Garrett Seaton "Garry" Meadows (15 April 1939 – 22 July 1982) was an Australian television presenter, radio announcer, and actor.

Career

Stage
Meadows began acting in Perth during his youth in the 1950s when he appeared in a number of local stage productions.  His stage credits included a starring role in Small Hotel in 1957.  He also appeared in productions of The Importance of Being Earnest, The Teahouse of the August Moon, The Rising Generation, Ten Little Niggers and The Taming of the Shrew.

Although he ultimately became known for hosting television game shows, Meadows also acted in a number of television programs including The Bluestone Boys, Bobby Dazzler, Bluey, Homicide and Prisoner.  Meadows also appeared in the movie Mad Dog Morgan.

Radio
Meadows' radio career began in 1959 when he commenced working at Perth's 6IX.  From there, Meadows went on to work at a number of radio stations including Perth's 6PR where Meadows was credited as being one of the first announcers to use the talkback format.  He was also live on air at 6PR during the 1968 Meckering earthquake.

He also worked at 2KO in Newcastle, 7HO and 7HT in Hobart, and 3DB in Melbourne.

Television
In 1960, Meadows joined Perth station TVW as a news presenter and host of music show Teenbeat. He left TVW at the end of 1961 but returned to the station in 1967 to host Spellbound, In Perth Tonight and Perth's New Faces.  Meadows also co-hosted the Perth Telethon in 1968.

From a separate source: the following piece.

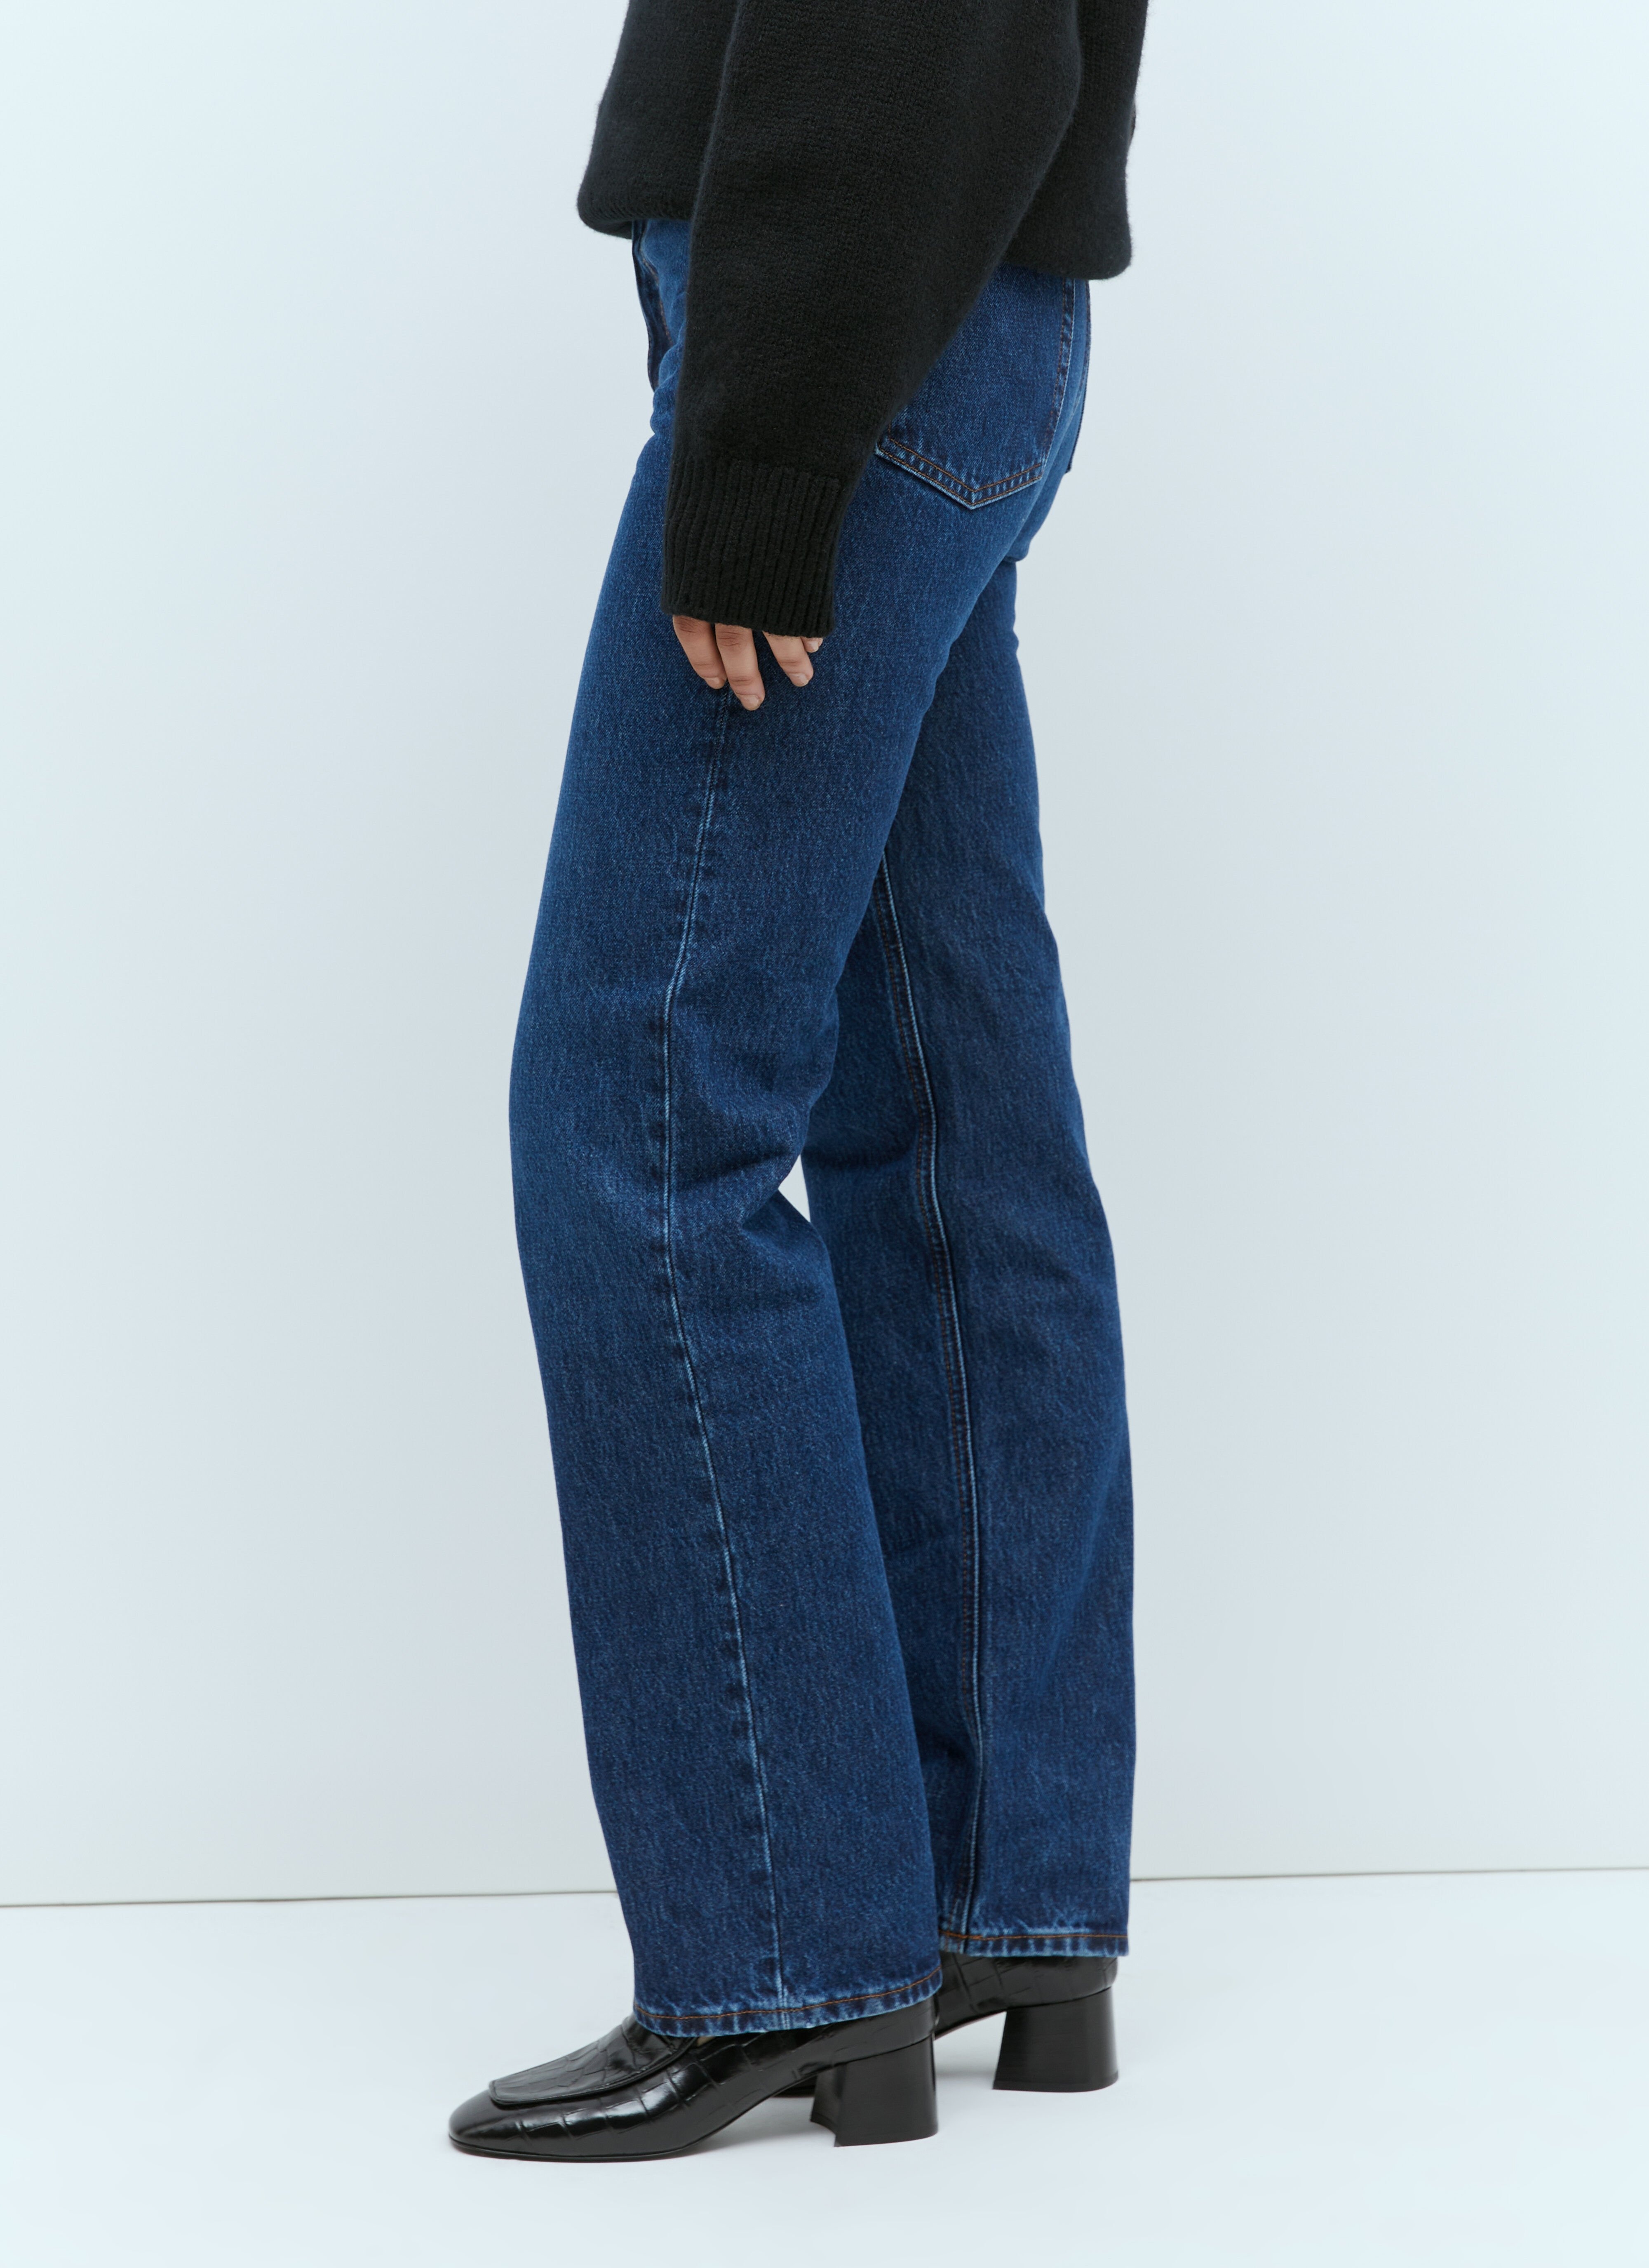 Classic Cut Denim Jeans - 2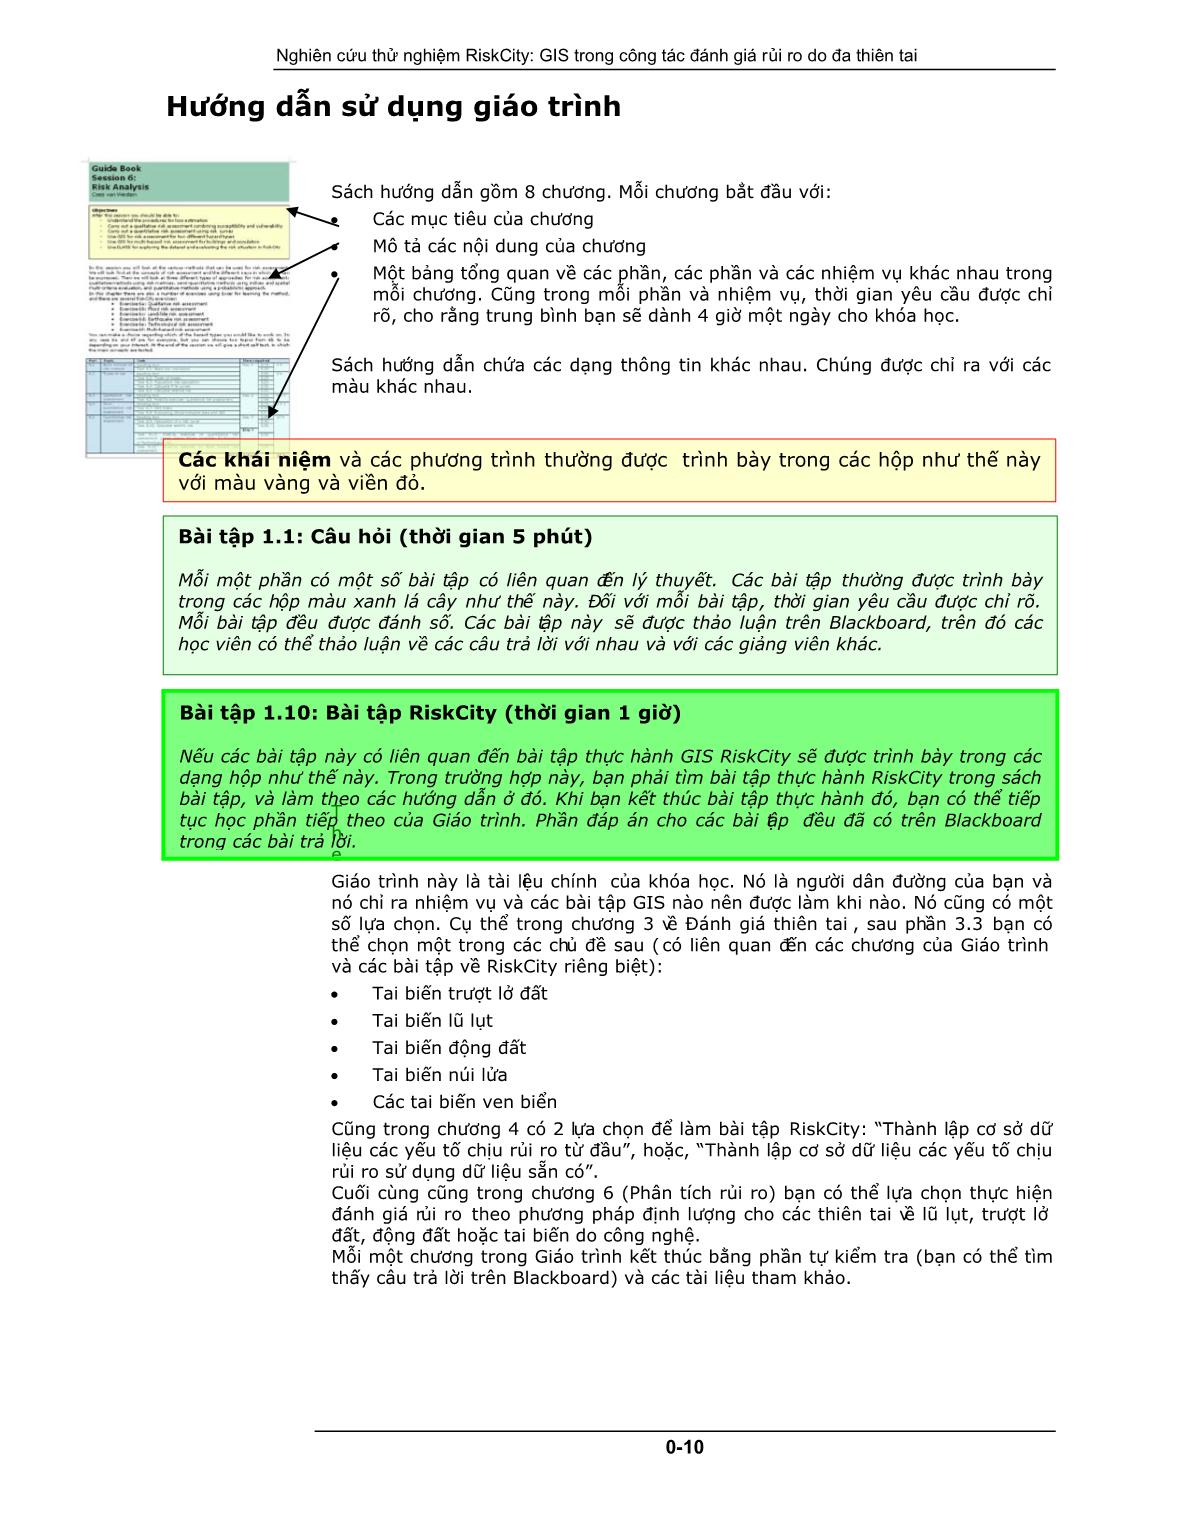 Giáo trình Ứng dụng Công nghệ Địa - Tin học trong Đánh giá Rủi ro do Tai biến trang 10

Meadows won the Logie Award for Best Male Personality in Western Australia at both the 1970 and 1971 Logie Awards.

During the 1970s, Meadows moved on to host national television programs, most notably The Price Is Right.

Meadows also hosted High Rollers, Let's Make a Deal, and The Marriage Game.

In 1980, Meadows worked as a producer on Sale of the Century.

Death
Meadows died at the age of 43 on 22 July 1982 after suffering a heart attack outside the 3DB studios in Melbourne, as he was walking into the building to begin his shift.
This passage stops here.